Andreas didn’t return phone messages left with family members. Chuck Burgess, a spokesman for Overseas Shipholding at the public-relations firm Abernathy MacGregor Group Inc., declined to answer questions about the company’s accounting issues. Zimmerman, the company’s chairman, didn’t return phone calls.

It’s impossible to tell from the outside what went on behind the scenes. We don’t know how long Andreas or other board members were aware of the problem, or what the full range of Andreas’s motivations might have been. That said, in the end he was right and forced the company to alert the public. Overseas Shipholding investors could have avoided significant losses by heeding his caution.

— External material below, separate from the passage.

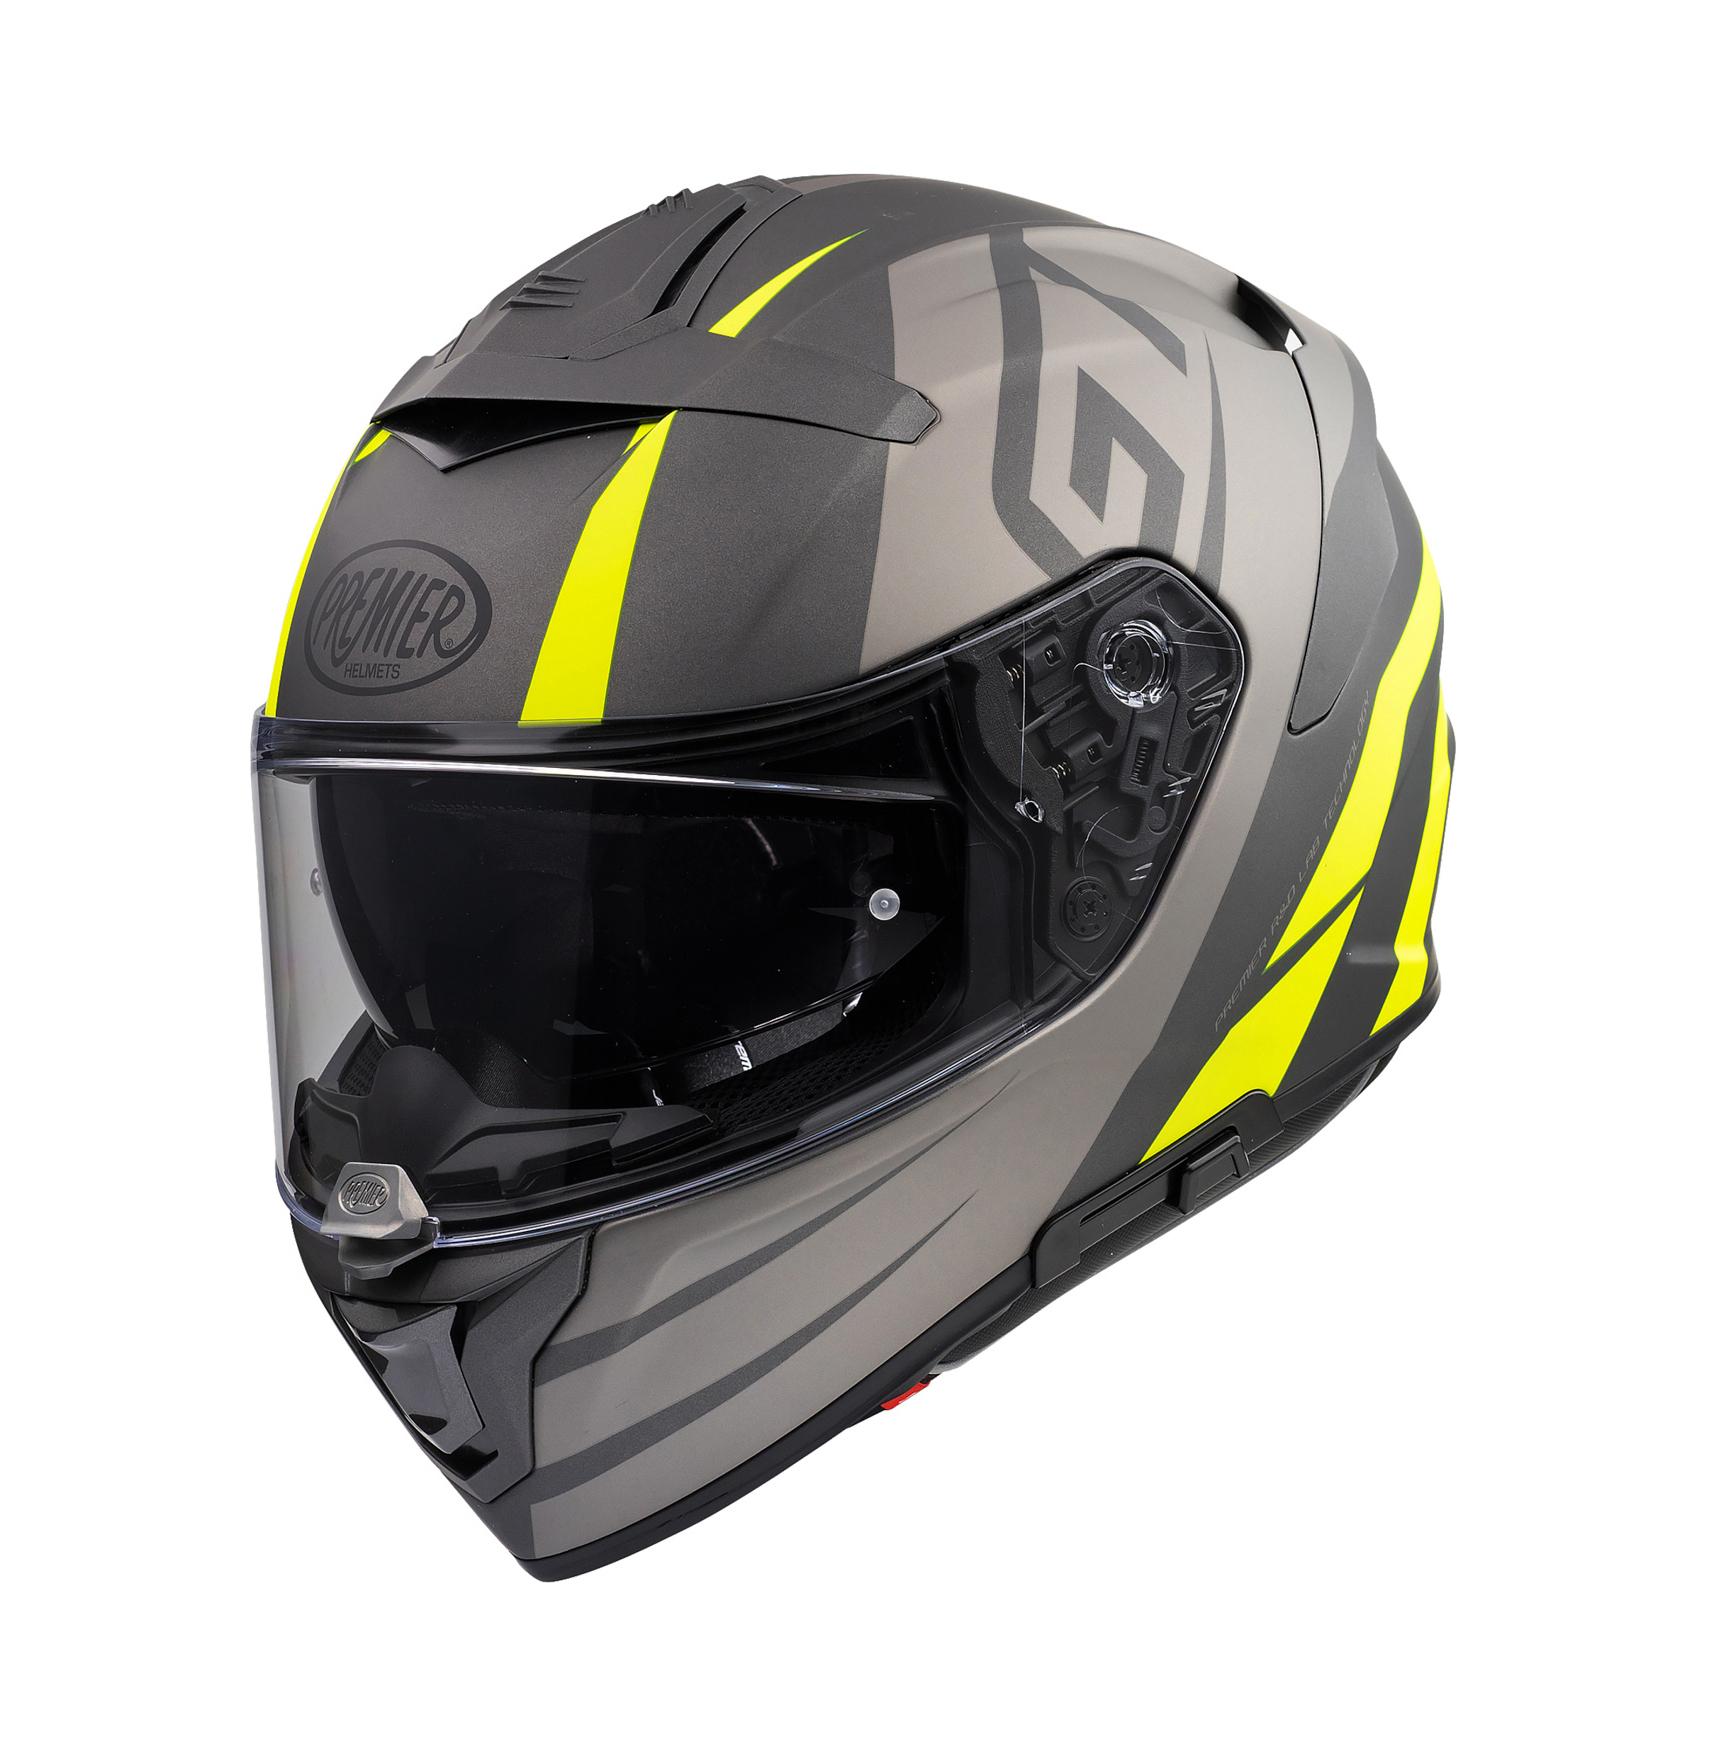 Premier Devil Gt Full Face Motorcycle Helmet - Black/Neon, S

A lawyer by training, Andreas is president of Galaco Capital, a private investment firm that manages his family’s money. He worked at three firms from 1999 to 2009, including the New York-based investment bank Allen & Co., where he was a vice president when he joined Overseas Shipholding’s board in 2004. His father, G. Allen Andreas Jr., is the chairman and chief executive officer of Galaco and the former chairman and CEO of agribusiness giant Archer-Daniels-Midland Co.

Here’s an idea: Now that President Barack Obama has won re- election, how about someone at the White House calling up the younger Andreas to see if he might be interested in an appointment to the Securities and Exchange Commission? Investors could use someone at the SEC with a record of being on their side. A Wall Street guy this honest can be hard to find.

(Jonathan Weil is a Bloomberg View columnist. The opinions expressed are his own.)